- Born: 23 July 1972 (age 53) Bonn, North Rhine-Westphalia West Germany
- Noble family: von Nayhauss (by birth) von Kalckreuth (by marriage)
- Spouse: Count Alexander von Kalckreuth
- Issue: Count Maximilian von Kalckreuth Count Louis Stanislaus von Kalckreuth
- Father: Count Mainhardt von Nayhauß
- Mother: Sabine Beierlein
- Occupation: television presenter, blogger, socialite

= Tamara Gräfin von Nayhauß =

German television presenter

Countess Tamara von Nayhauss (Tamara Gräfin von Nayhauß) (born 23 July 1972) is a German television presenter, blogger, and socialite.

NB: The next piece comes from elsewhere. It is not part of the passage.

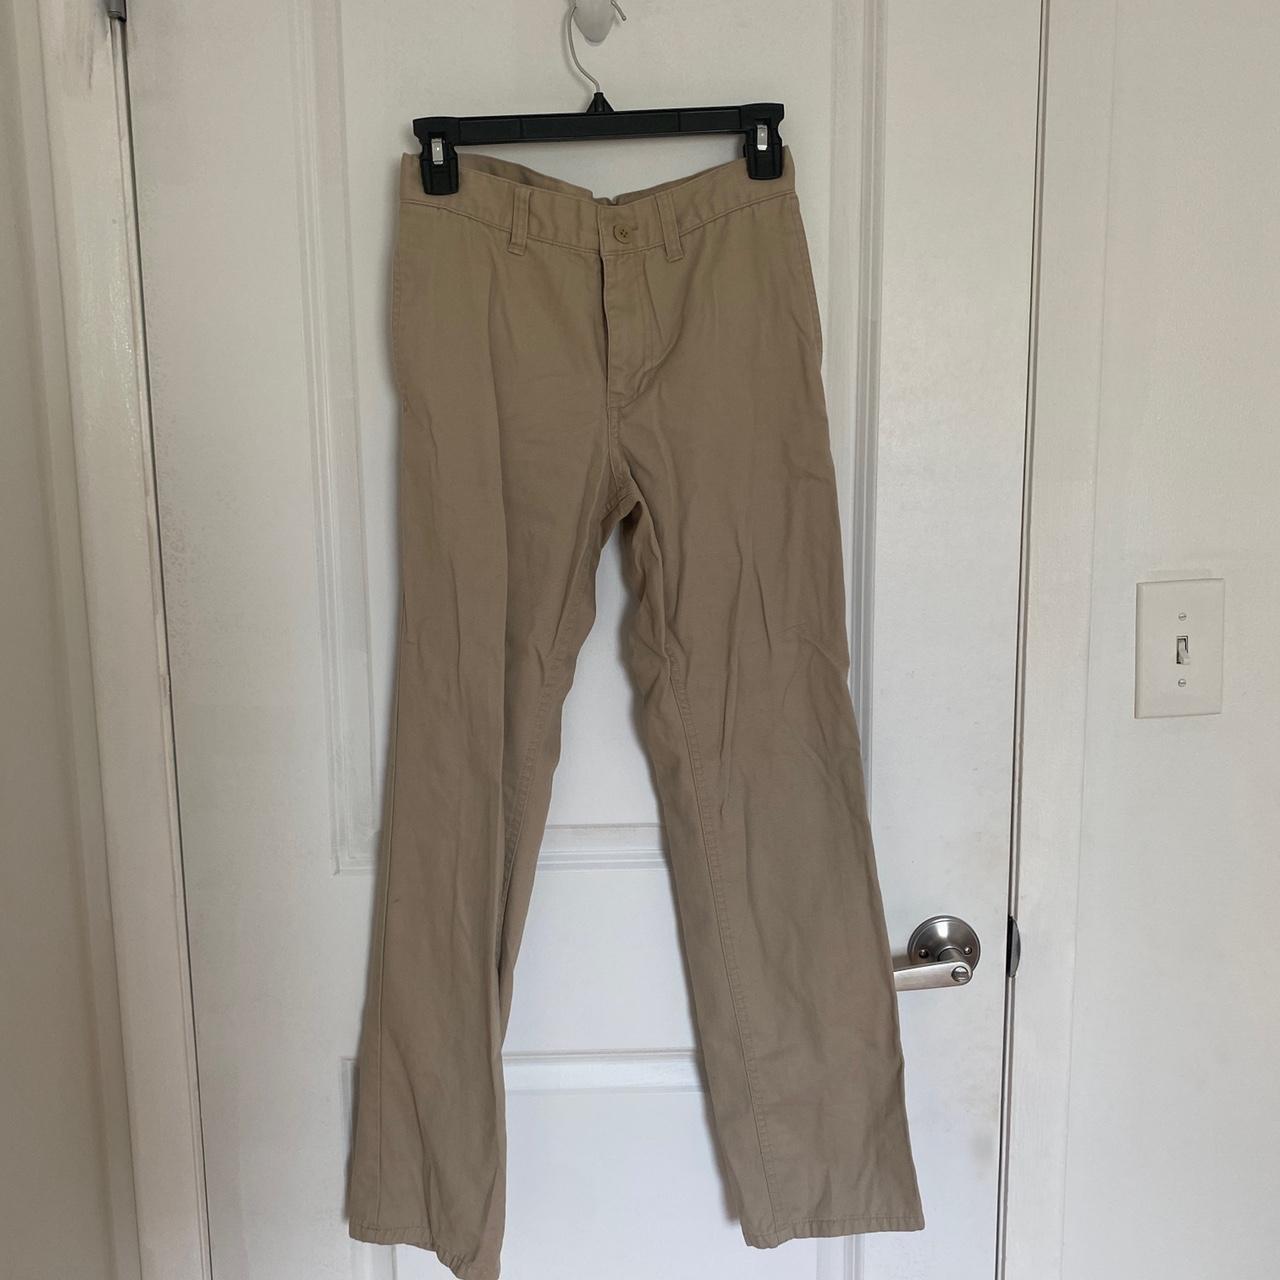 Old Navy Baby Boys Pants robin blue Khakis Size 69 Months easter pastel  cotton  eBay

== Early life and education ==
Von Nayhauss was born on 23 July 1972 in Bonn to Count Mainhardt von Nayhauß-Cormons (b. 1926) and Sabine Beierlein (b. 1942). She is a member of the House of Nayhauß, an ancient noble family in Germany. She studied at the Pädagogium Otto Kühne School in Bonn until 1993. In 1994 she moved to Paris to study art history and French at the University of Paris.

== Career ==
Von Nayhauss began her television career in 1995 as a trainee at ProSieben. From 1996 until 2002 she worked as a reporter and editor for SAM, a celebrity news show. In 2002 she became a host and presenter on the German television channel RTL. She has worked as a presenter for Life! The Desire to Live, Formel Exclusiv, Germany Seeks A Superstar, and Abenteuer & Reisen. She also had guest roles on the 2004 television series Hinter Gittern - The Women's Prison and the 2006 German television movie Daddy and Mama. Since 2006 she has produced and hosted the show Hallo Deutschland. From 2007 to 2008 she hosted Deluxe - All Fun, a luxury and lifestyle show.

In December 2016, von Nayhauss launched a fashion and lifestyle blog called Comtesse Express.

== Personal life ==
In 2005 she married Count Alexander von Kalckreuth (b. 1972), an attorney, in a Catholic ceremony at the Merseburg Cathedral. They have two children.